Cabe destacar que si bien los pacientes con una aortitis no infecciosa que requieren resolución quirúrgica de la patología aórtica tienen una mortalidad al año similar a la de aquellos pacientes cuya etiología es por aterosclerosis y/o degeneración de la media, se observa un aumento de la mortalidad y de la necesidad de reoperación a los 5 y 10 años en el grupo con aortitis(8).

Conclusión

El diagnóstico de aortitis se apoya en datos clínicos y de imágenes. No siempre se logra identificar su etiología. Es necesario su abordaje multimodal, ya que combina las ventajas de distintos métodos que se complementan.
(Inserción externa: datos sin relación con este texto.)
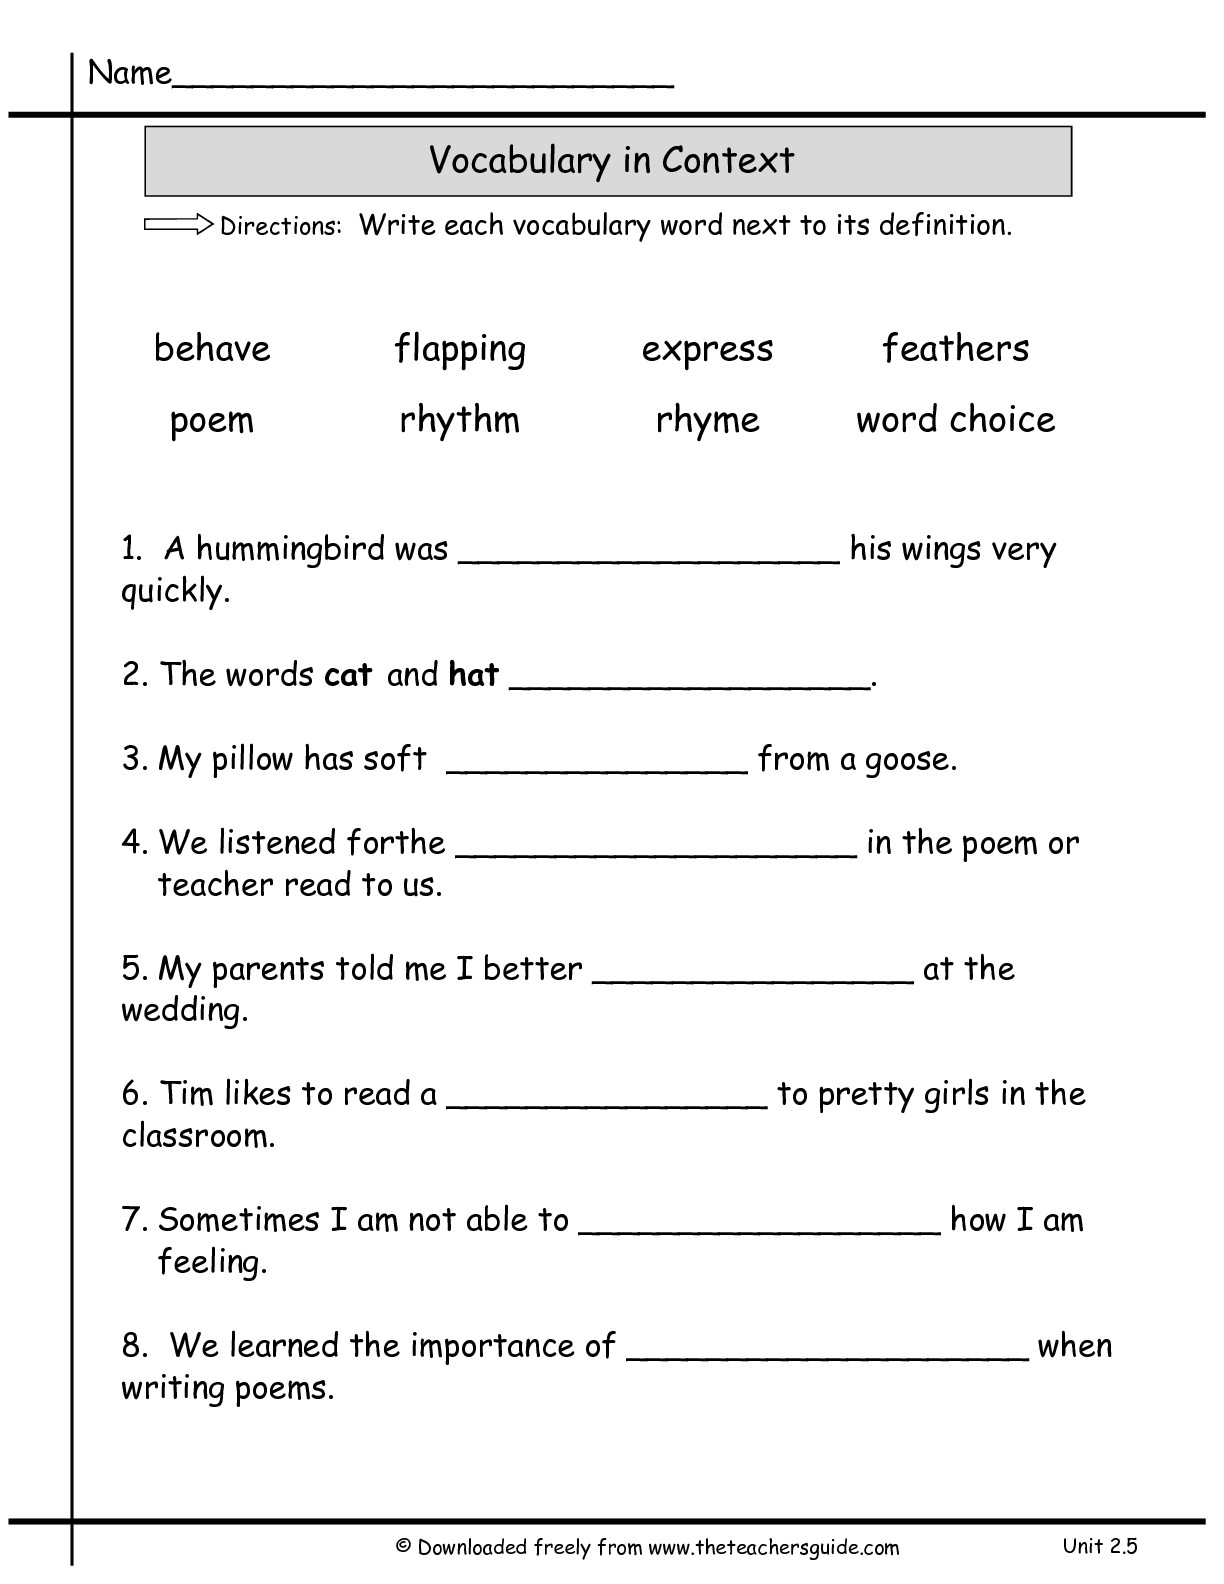 Worksheet Verb Tense Consistency

Las técnicas de imagen de fácil acceso (Rx de tórax, ETE y eventualmente TC) son importantes, ya que constituyen la primera alerta para llegar al diagnóstico. Las técnicas de mayor complejidad (ETE 2D y ETE 3D, cardio-RM, PET) ayudan a precisar el 4. diagnóstico, cuantificar la extensión del compromiso anatómico y medir más objetivamente los cambios estructurales en el tiempo.
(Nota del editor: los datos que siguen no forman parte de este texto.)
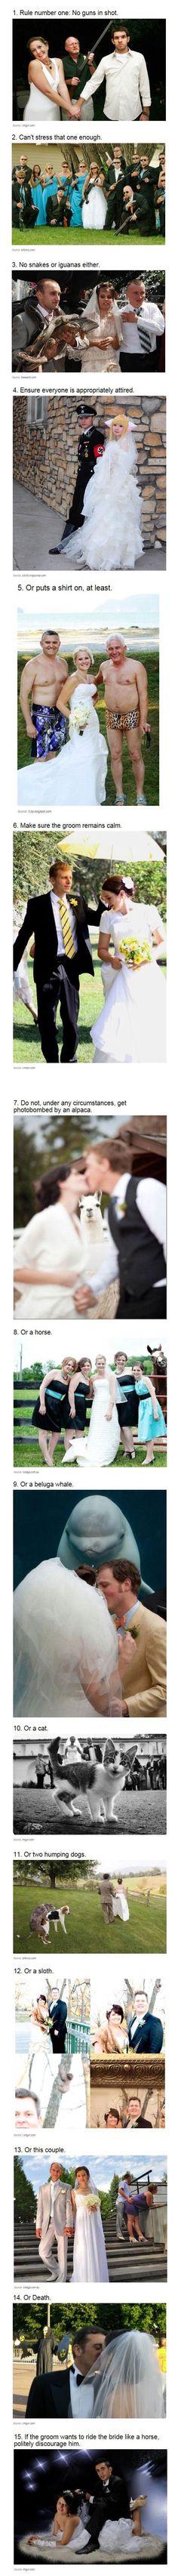 Ahh weddings xD

Es importante, ante la sospecha de este diagnóstico, un seguimiento estrecho para determinar la velocidad de progresión (actividad o evolución del proceso), a fin de poder ajustar el tratamiento, prevenir complicaciones y diferir la cirugía.

El manejo de la aortitis no infecciosa consiste en inmunosupresión con corticoides a altas dosis. La cirugía y las intervenciones percutáneas deberían evitarse debido a las complicaciones asociadas a la fragilidad de la pared aórtica, dehiscencia protésica e inflamación refractaria pese a la terapéutica antiinflamatoria óptima instaurada.

Ideas para recordar
  • Debe sospecharse aortitis ante una patología aórtica de etiología no clara, donde se excluya la ateroesclerosis y los mecanismos habituales de síndrome aórtico agudo.
  • El diagnóstico puede requerir una estrategia multimodal para analizar las características anatómicas de la aorta, el sustrato inflamatorio y su evolución temporal.

Bibliografía

  1. Maleszewski JJ. Inflammatory ascending aortic disease: perspectives from pathology. J Thorac Cardiovasc Surg 2015; 149: S176-183.
  2. Rojo-Leyva F, Ratliff NB, Cosgrove DM III, Hoffman GS. Study of 52 patients with idiopathic aortitis from a cohort of 1024 surgical cases. Arthritis Rheum 2000; 43: 901-907.
  3. Erbel R, Aboyans V, Boileau C, et al. ESC Committee for Practice Guidelines. 2014 ESC Guidelines on the diagnosis and treatment of aortic diseases: Document covering acute and chronic aortic diseases of the thoracic and abdominal aorta of the adult. The Task Force for the Diagnosis and Treatment of Aortic Diseases of the European Society of Cardiology (ESC). Eur Heart J 2014; 35: 2.873-2.926.
  4. Svensson, et al. Inflammatory disease of the aorta: Patterns and classification of giant cell aortitis, Takayasu arteritis, and non syndromic aortitis. J Thorac Cardiovasc Surg 2015; 149 (2 Suppl): S170-175.
  5. Hartlage, et al. Multimodality imaging of aortitis. J Am Coll Cardiol Img 2014; 7: 605-619.
  6. Orman, et al. Isolated thoracic aortitis. J Card Surg 2014; 29: 225-230.
  7. Han JK, Kim HK, Kim YJ, et al. Behçet's disease as a frequently unrecognized cause of aortic regurgitation: Suggestive and misleading echocardiography findings. J Am Soc Echocardiogr 2009; 22: 1.269-1.274.
  8. Fujimoto, et al. Influence of aortitis on late outcomes after repair of ascending aortic aneurysms. J Thorac Cardiovasc Surg 2015; 150: 589-594.